その後も、残り三勢力について聞かされた。領土拡大に執着し、度々、周辺国家と争っている、東の龍華帝国。三人の王子達を中心に御家騒動中の、西のアルトバイン王国。基本的に沈黙しているが、侮れない戦力を持つ、北のルコード教国。特に、国家元首の教皇直属部隊。護教聖堂騎士団は危険だと。
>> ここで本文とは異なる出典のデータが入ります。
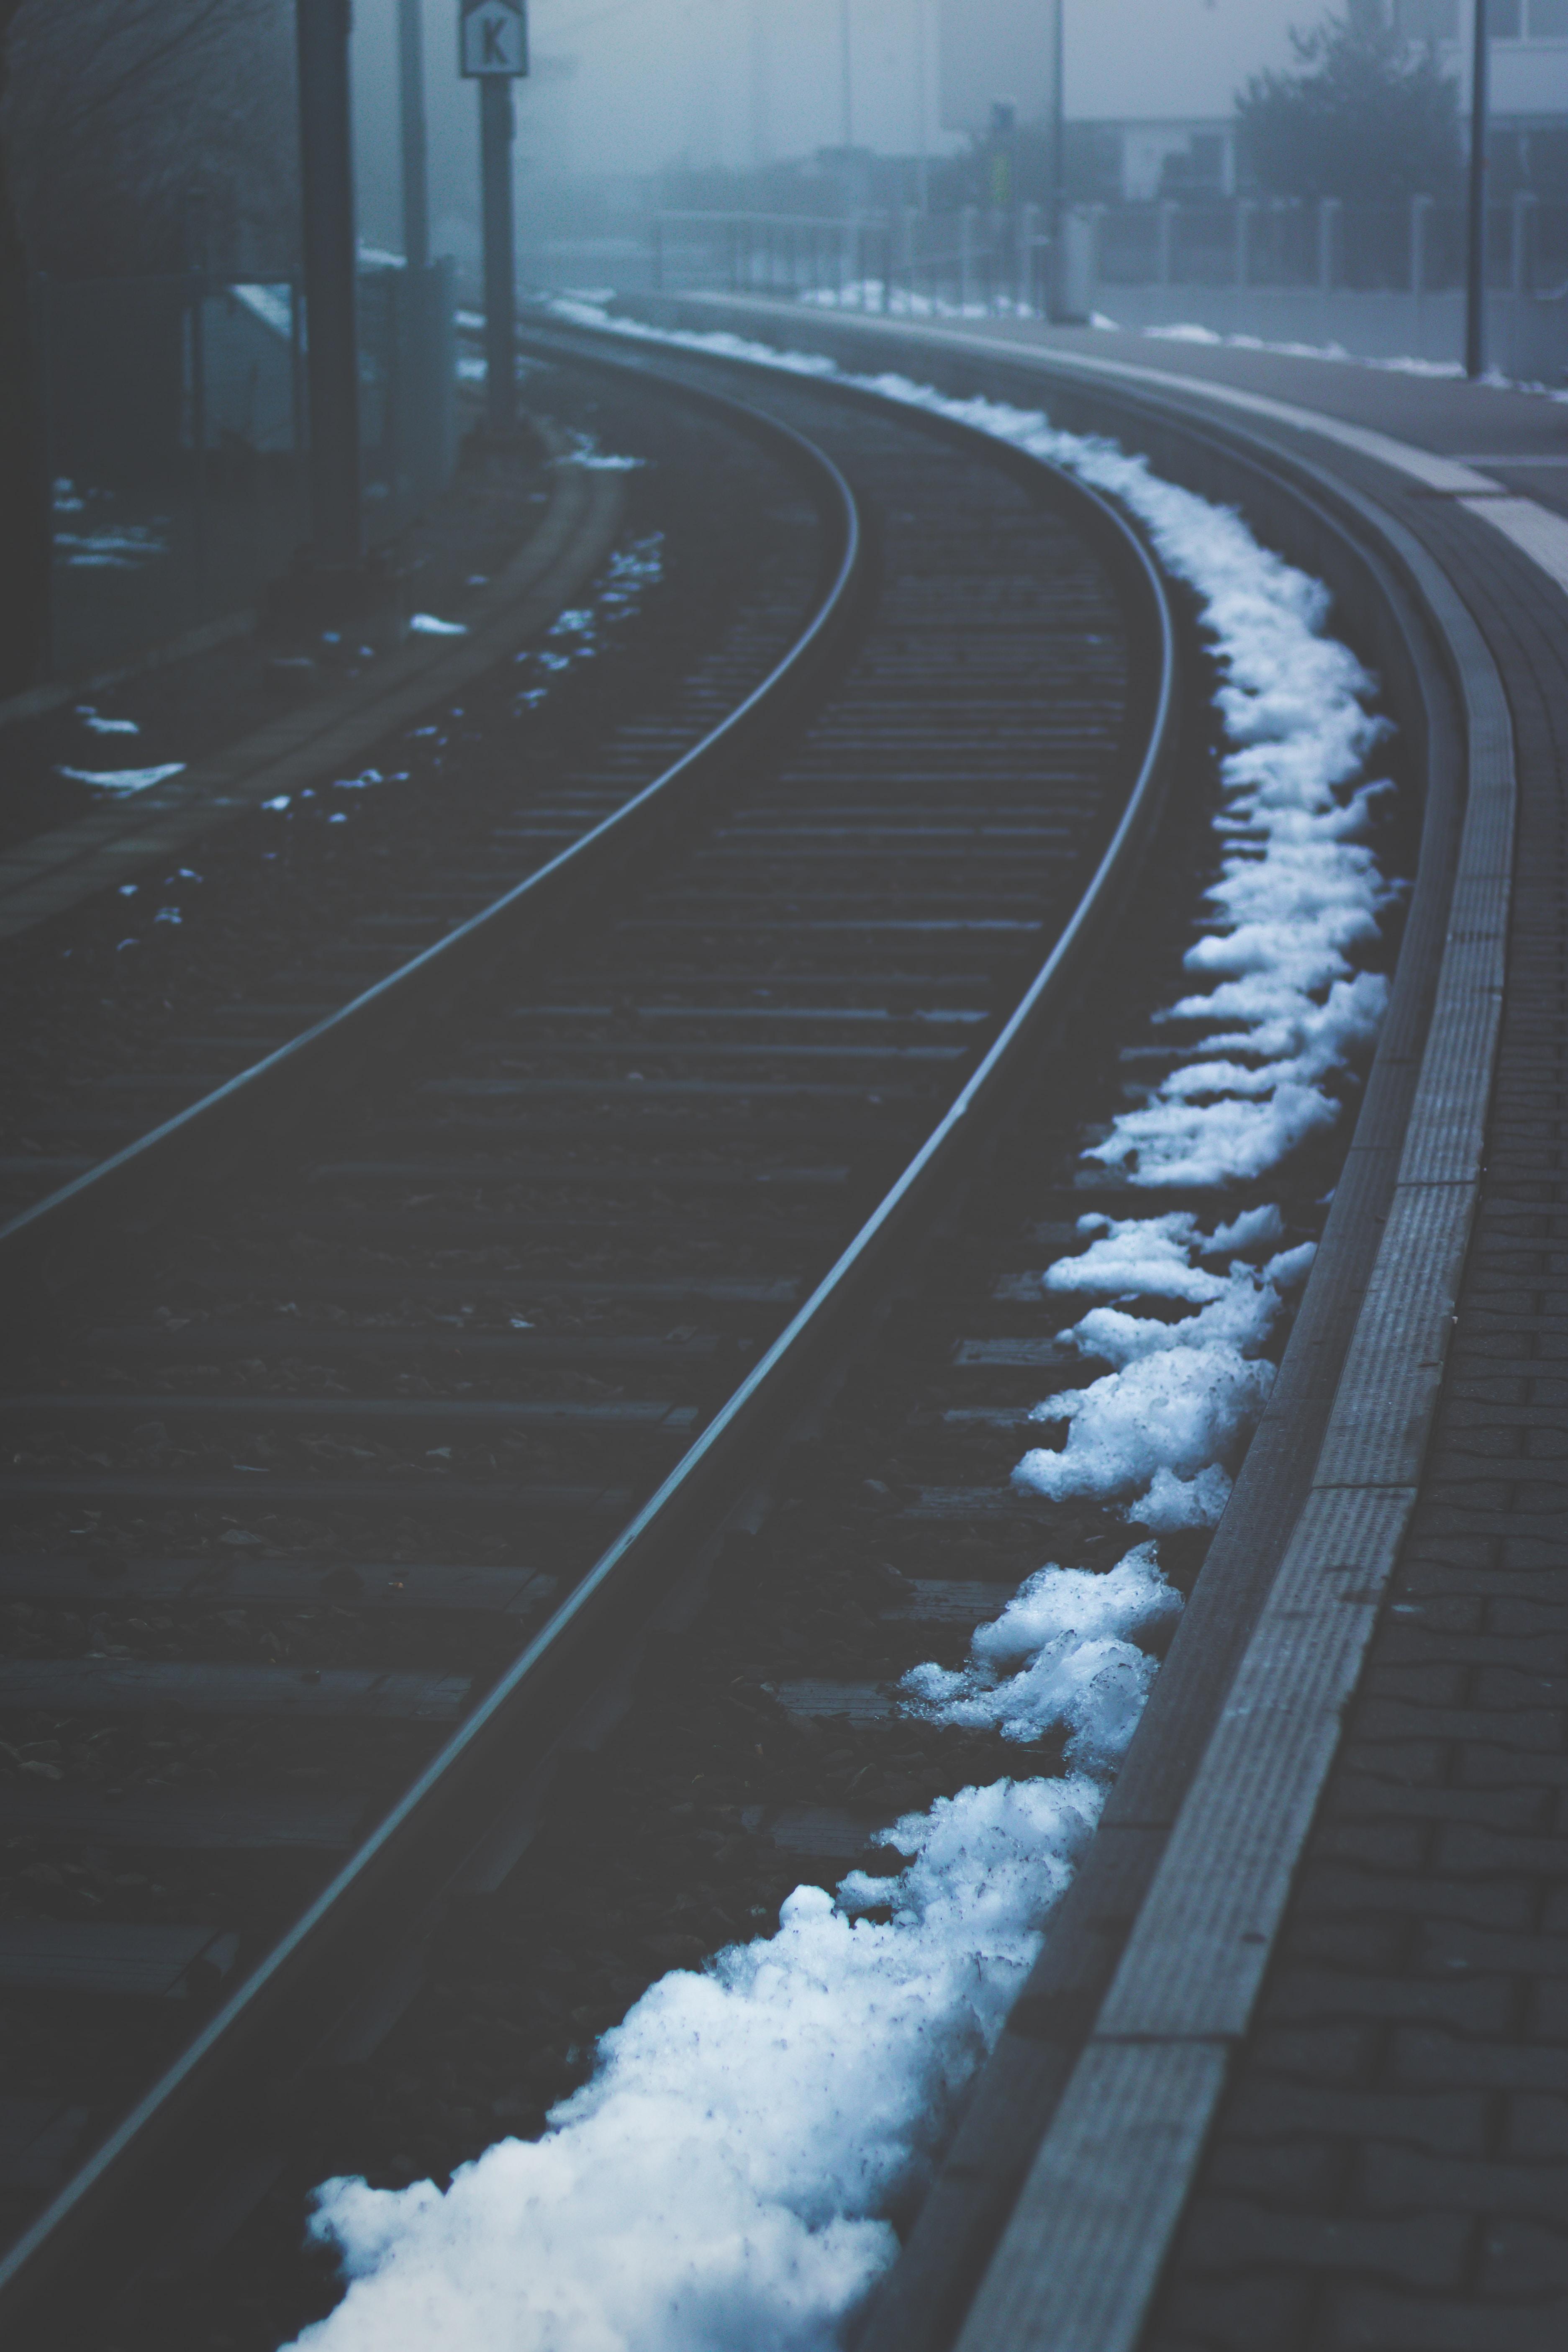 low light photography of train rails under foggy sky

「まぁ、いずれ、世界各地に連れていってやるよ。最初は連合かね? 私と一緒なら、問題ない。世界一の経済大国だけに、娯楽に関しても世界一。面白いよ。この世の楽しみの全てがここに有るとさえ言われてるぐらいだからね」
いずれ、世界各地に連れていってくれると言うナナさん。異世界に来て、確かに不安は有るけれど、同時に見知らぬ異世界への興味も有る。見てみたい、知りたい、異世界の事を。その為にも、今はしっかり学ばないと。
「さて、次は歴史だよ。この世界で起きた出来事について話してやるよ」
「はい。よろしくお願いします」
歴史の授業も、実に楽しかった。群雄割拠の戦国時代。その中から、今の四勢力に繋がる流れ。欲望と権謀術数が渦巻く、壮大な人間ドラマだった。そして、それは今も終わってはいない。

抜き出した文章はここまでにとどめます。